EtusivuHae koulutuksiaData Science and Machine Learning with R

Data Science and Machine Learning with R




5 päivää


3301 €

This five-day course is aimed at those who are familiar with data analysis and are interested in learning about how Data Science, Analytics, Machine Learning, and Artificial Intelligence (AI) can be used to yield value from data assets.

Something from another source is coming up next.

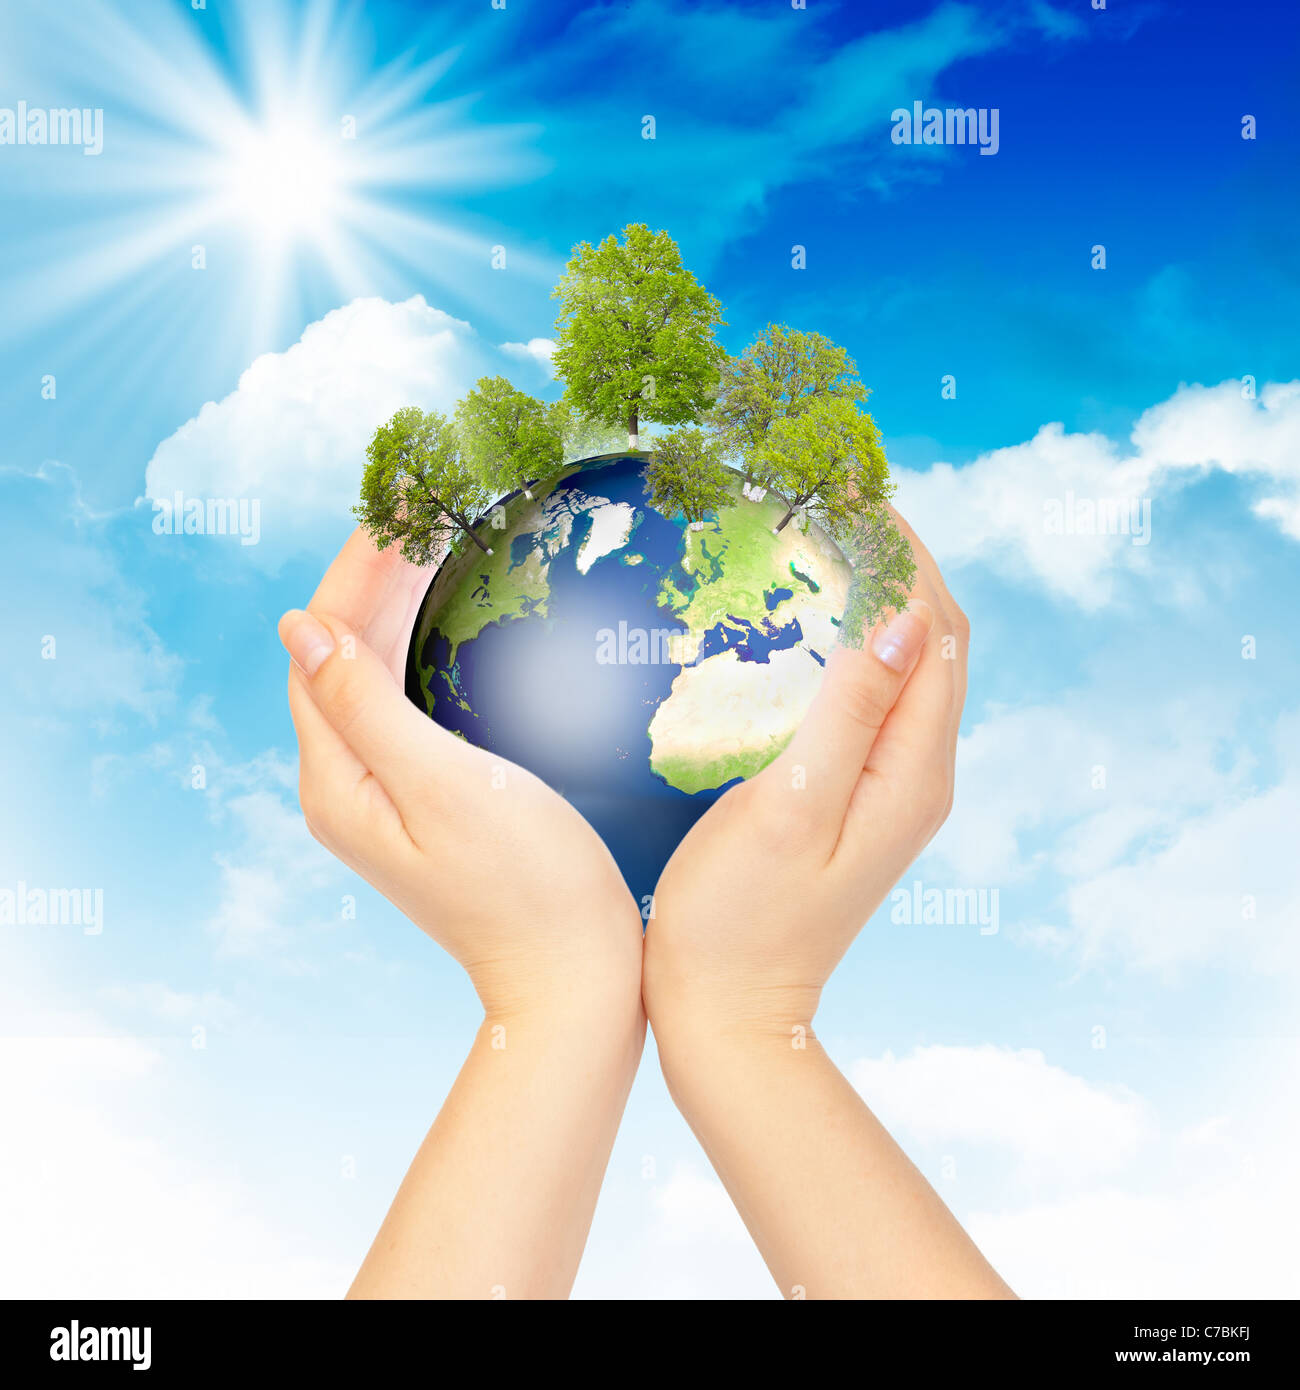 Hands and Earth. Concept Save green planet. Symbol of environmental protection. Stock Photo

This course will be of interest if you are interested in developing your own skills to move from analytics to Data Science, or if you are working with Data Scientists and want to learn more about what’s possible.

You will be introduced to key concepts and tools for use in Data Science, including typical Data Science Project lifecycles, potential applications & project pitfalls, relevant aspects of data governance and ethics, roles and responsibilities, Machine Learning and AI model development, exploratory analysis and visualisation, as well as techniques and strategies for model deployment.

Throughout the course you will engage in activities and discussions with one of our Data Science technical specialists. Theoretical modules are complemented with comprehensive practical labs.

Target Audience

Members of the audience are required to have some technical expertise such as table structure, working with tabular data in R, and intermediate data analysis.

They may come from other technical backgrounds such as Data Analysts, Software Developers, and Data Engineers who either work with Data Scientists or are using this course in their journey towards training as a Data Scientist.

They may be Mid/Senior Leadership seeking a greater understanding of how to implement Data Science within their organization.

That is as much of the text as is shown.